ACTION ITEM: Here the job is to retype the data word for word while leaving the pictures aside.

DATA SEGMENT:

::::::::

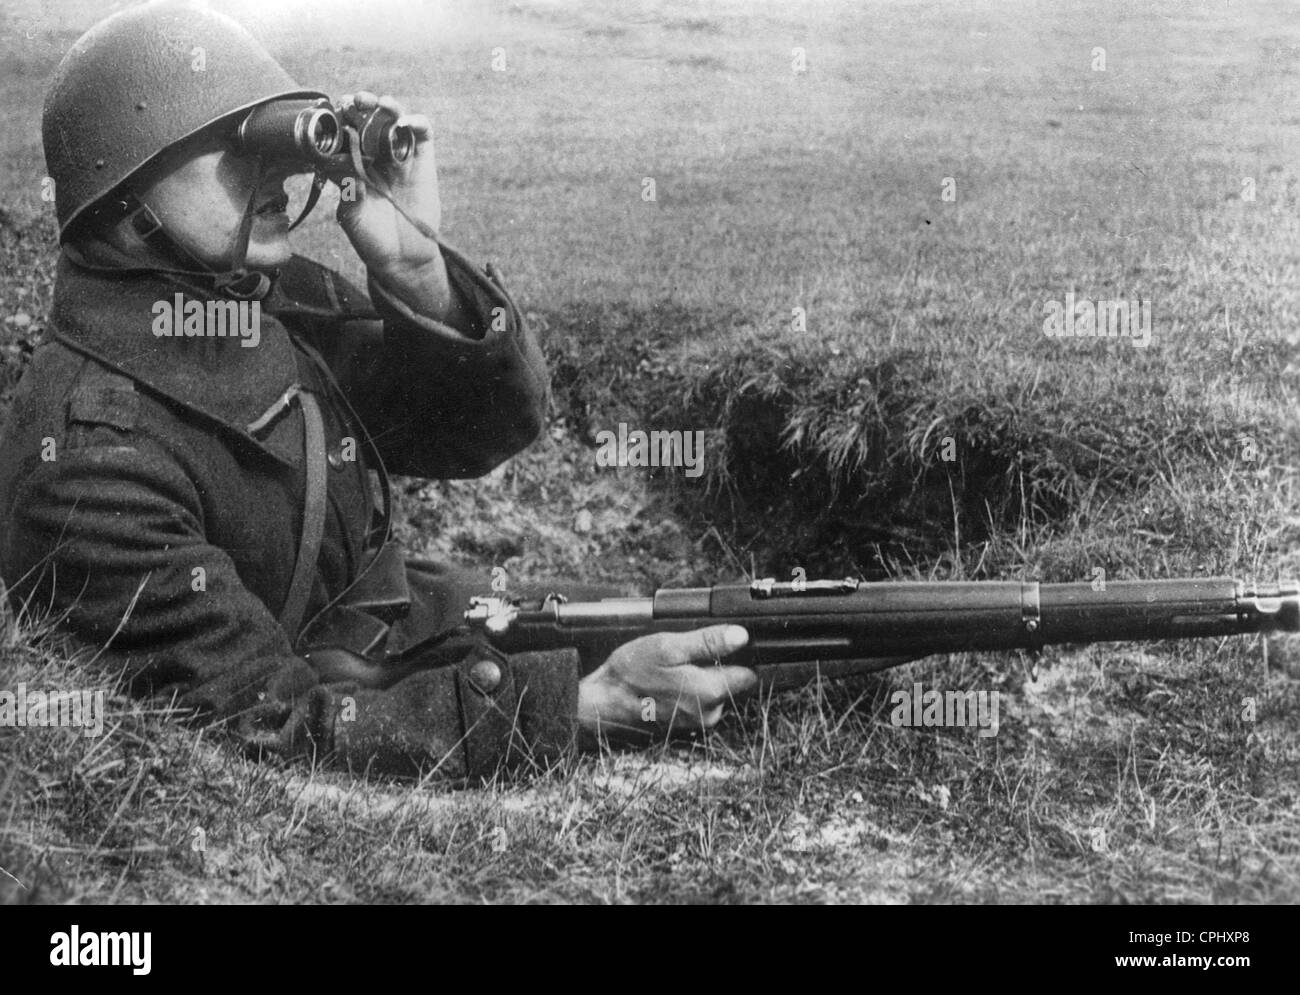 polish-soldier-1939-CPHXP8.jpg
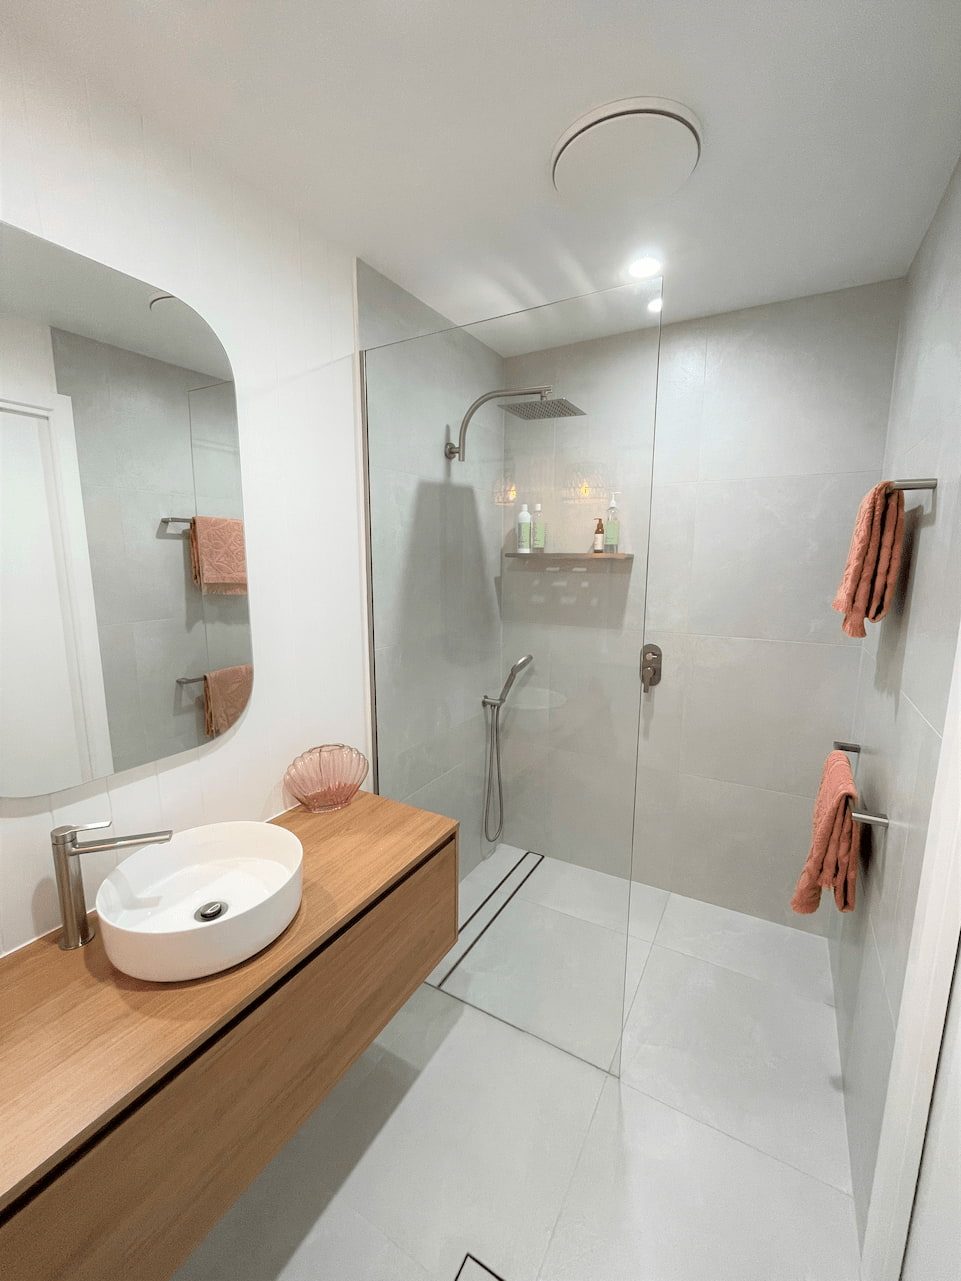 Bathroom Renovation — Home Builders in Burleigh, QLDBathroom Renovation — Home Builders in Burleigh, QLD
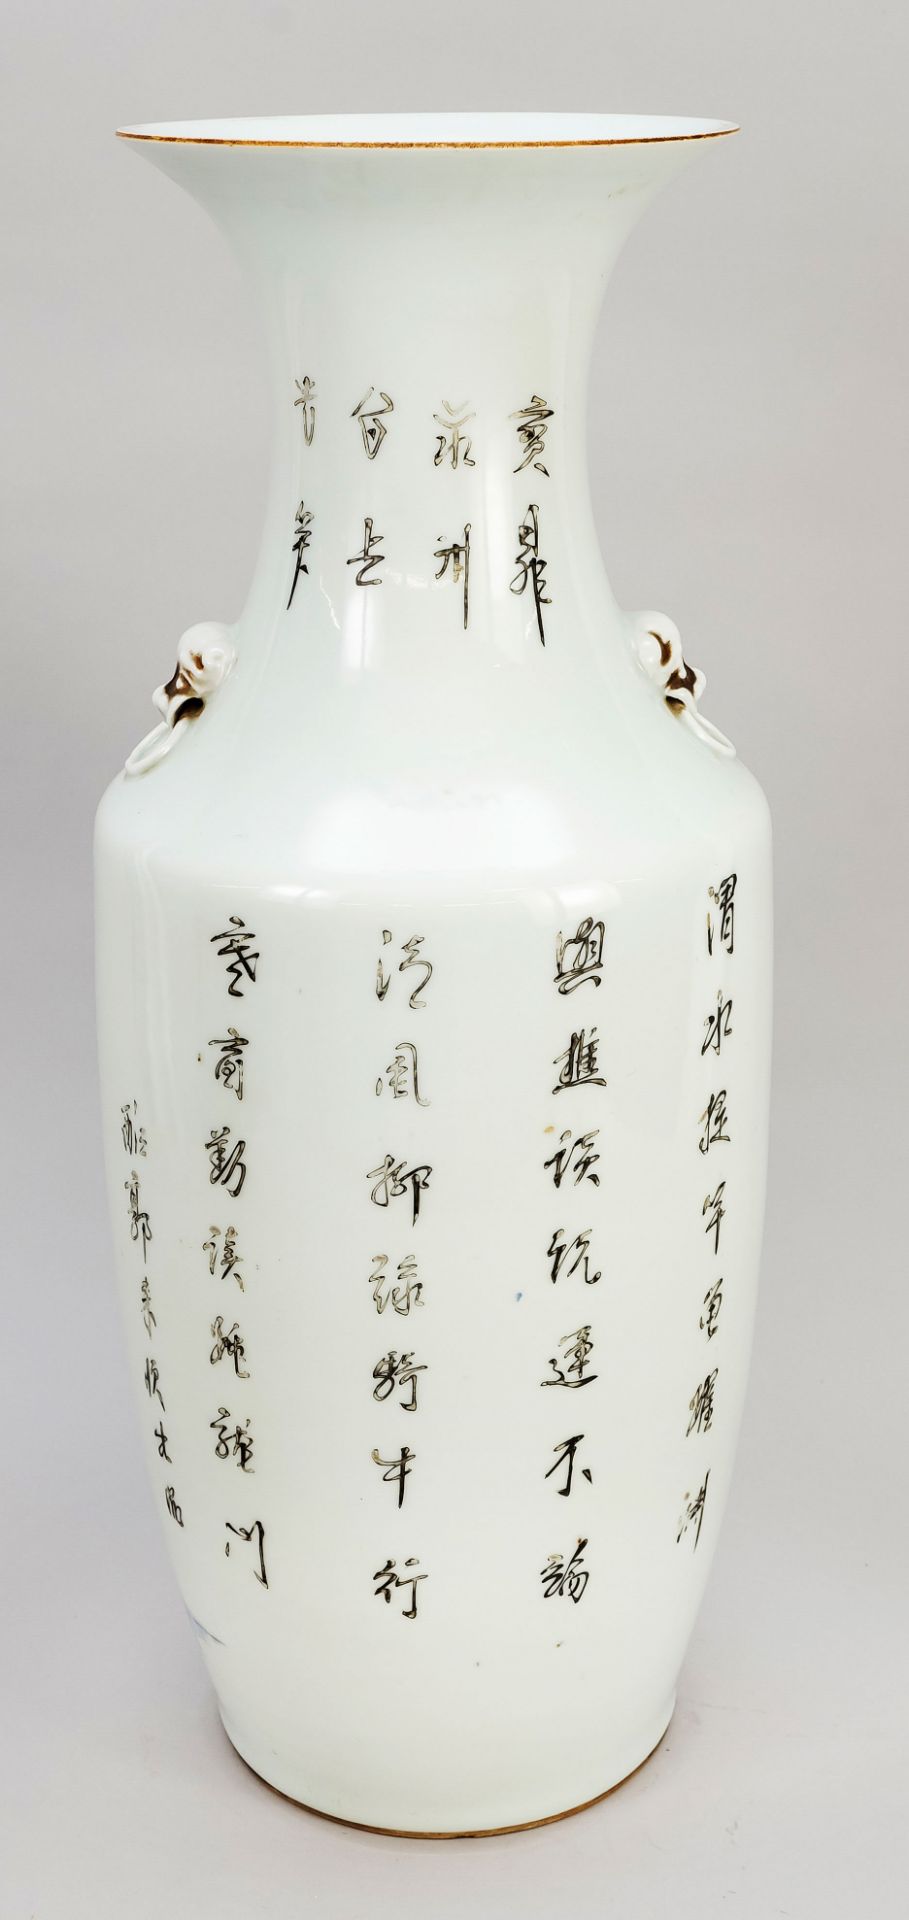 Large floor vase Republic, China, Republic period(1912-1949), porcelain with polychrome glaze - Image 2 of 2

::::::::

TASK RESULT:
 polish-soldier-1939-CPHXP8.jpg
 Bathroom Renovation — Home Builders in Burleigh, QLDBathroom Renovation — Home Builders in Burleigh, QLD
 Large floor vase Republic, China, Republic period(1912-1949), porcelain with polychrome glaze - Image 2 of 2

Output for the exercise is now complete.